Sep 25 005427 laptop last message repeated 3 times
Sep 25 005427 laptop kernel phy4 -> rt73usb_rf_write Error - PHY_CSR4 register busy. Write failed.
Sep 25 005427 laptop kernel phy4 -> rt2x00usb_vendor_request Error - Vendor Request 0x07 failed for offset 0x3090 with error -19.
Sep 25 005427 laptop last message repeated 4 times
Sep 25 005427 laptop kernel phy4 -> rt73usb_rf_write Error - PHY_CSR4 register busy. Write failed.
Sep 25 005427 laptop kernel phy4 -> rt2x00usb_vendor_request Error - Vendor Request 0x07 failed for offset 0x3090 with error -19.
Sep 25 005427 laptop last message repeated 4 times
Sep 25 005427 laptop kernel phy4 -> rt73usb_rf_write Error - PHY_CSR4 register busy. Write failed.
Sep 25 005427 laptop kernel phy4 -> rt2x00usb_vendor_request Error - Vendor Request 0x07 failed for offset 0x3090 with error -19.
Sep 25 005427 laptop last message repeated 4 times

However, if I don't provoke these errors by logging into my laptop with ssh, in general use I now get quite an unstable connection with disassociation after a minute or so of use, so there is also something else amiss with the latest git version.

Chris

chrisV

25-09-2007 11:20:16


However, if I don't provoke these errors by logging into my laptop with ssh, in general use I now get quite an unstable connection with disassociation after a minute or so of use, so there is also something else amiss with the latest git version.
[/quote2ge8lux8]

On examining this further, I have had your kernel running all morning on my laptop and the disassociation is not very problematic after all. The association is dropped at 30 minutes intervals and then it reassociates itself again without any dramas - probably this is something done by the AP rather than rt2x00. Apart from the vendor_request_error lock-ups when I try to ssh into my laptop, it is working quite well.

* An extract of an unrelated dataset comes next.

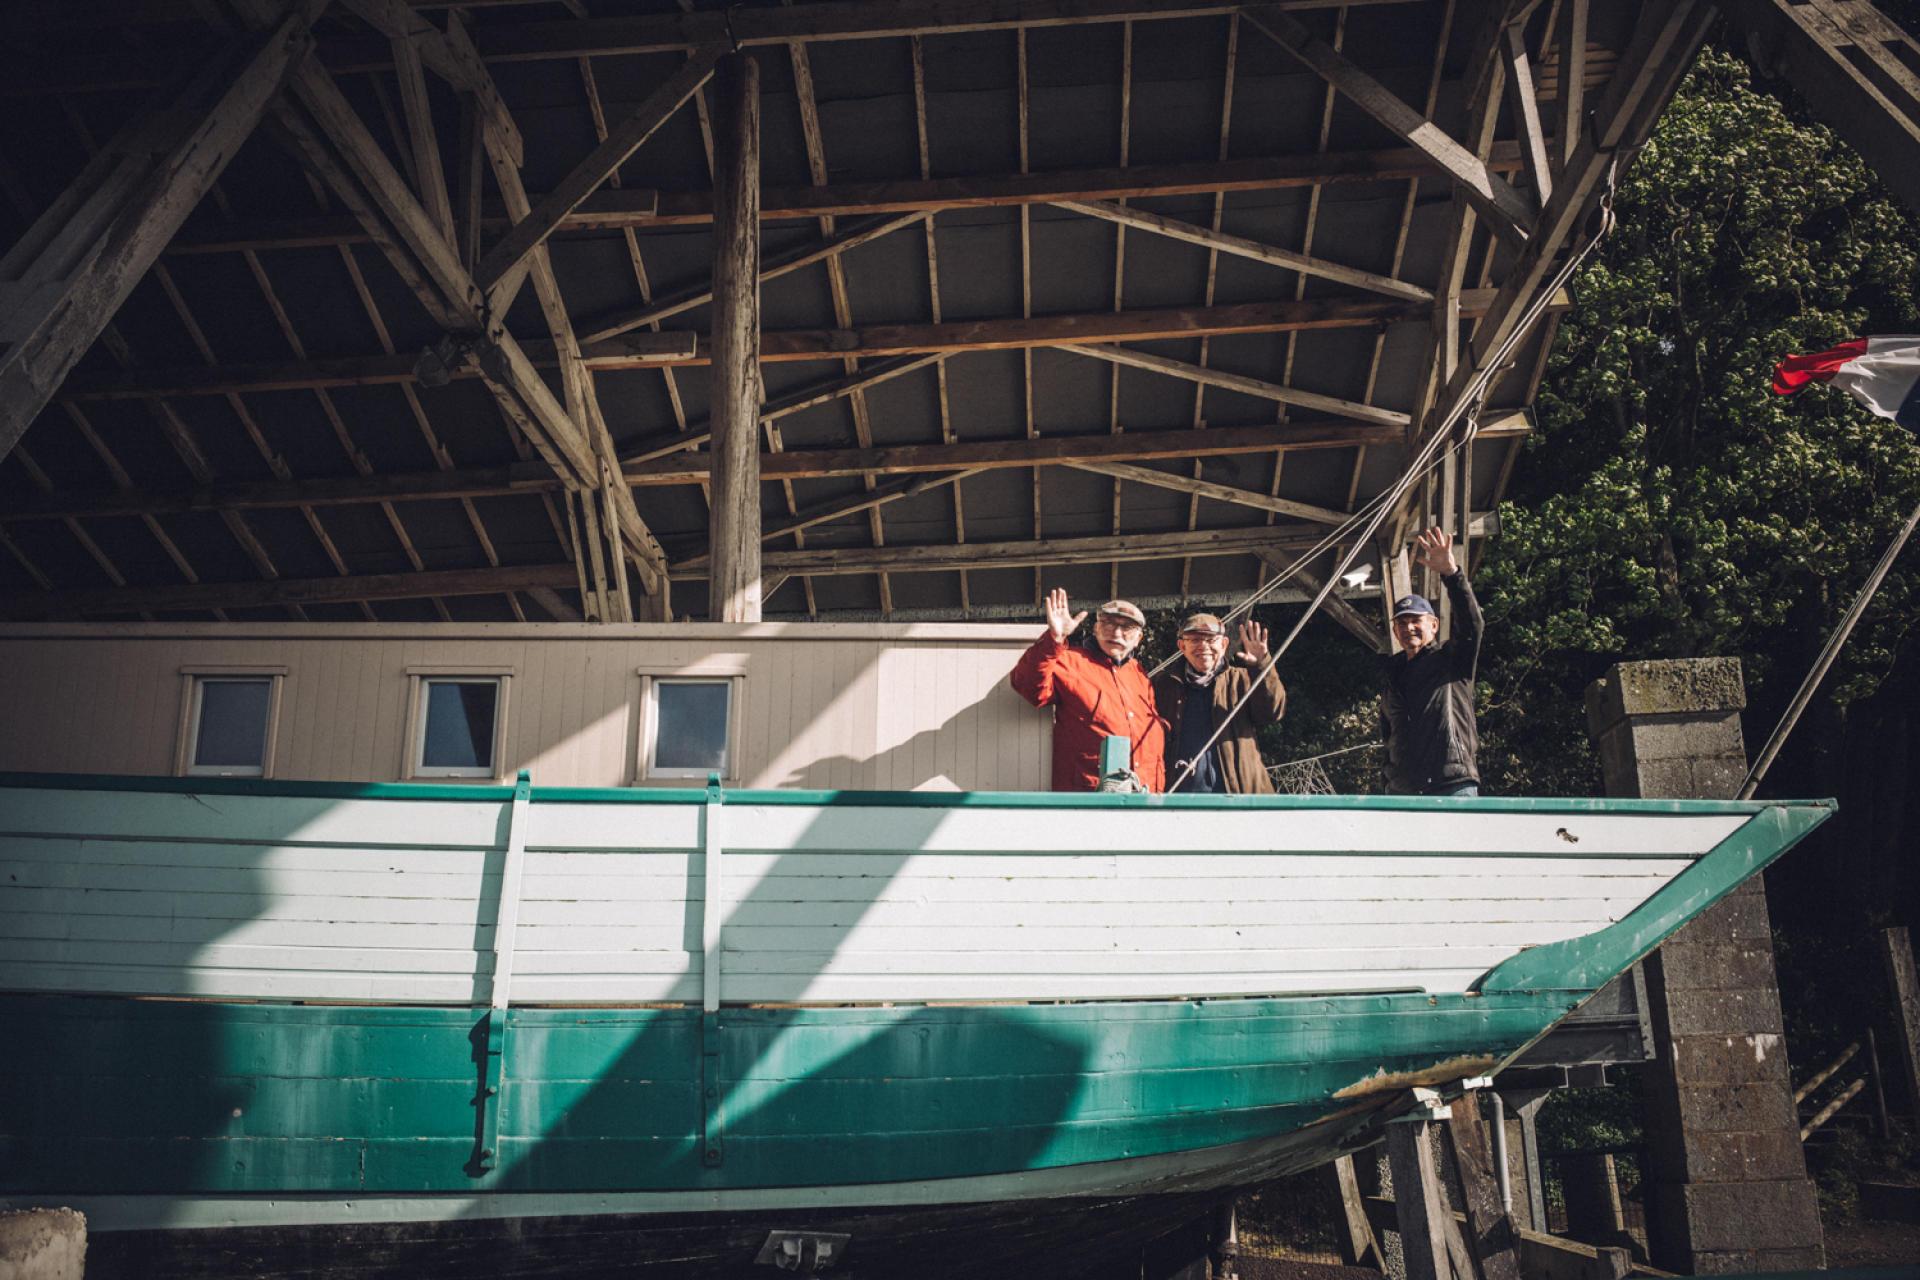 Le dundee «Ar-Zénith», dans la cale des torpilleurs à Saint-Servan (Ille-et-Vilaine), le 21 mai 2021, A bord, trois membres de l'amicale France libre-«Ar Zénith» (de gauche à droite) : Bernard Bertrand, Jean-Claude Fèvre et Claude-Alain Liot.

I am going to go back to a stable kernel + legacy driver again now but if there is any further information you need about the vendor_request_error lock-ups, let me know.

Chris

chrisV

09-10-2007 22:53:28

I have tested today's git kernel and I no longer get these errors. I have to apply Adam Baker's patch to get 802.11g speeds, but apart from that it seems to work well with my rt73 stick.

Chris

mcornils

18-10-2007 18:53:32

Hello,

I have also tested latest git to see whether the issue still crops up - it does not (at least for now). Also, the driver feels much snappier. I'll be sure to let you know of further problems, but for now, I'd recommend marking this as no longer reproducible/probably fixed in your issues list. Woohoo!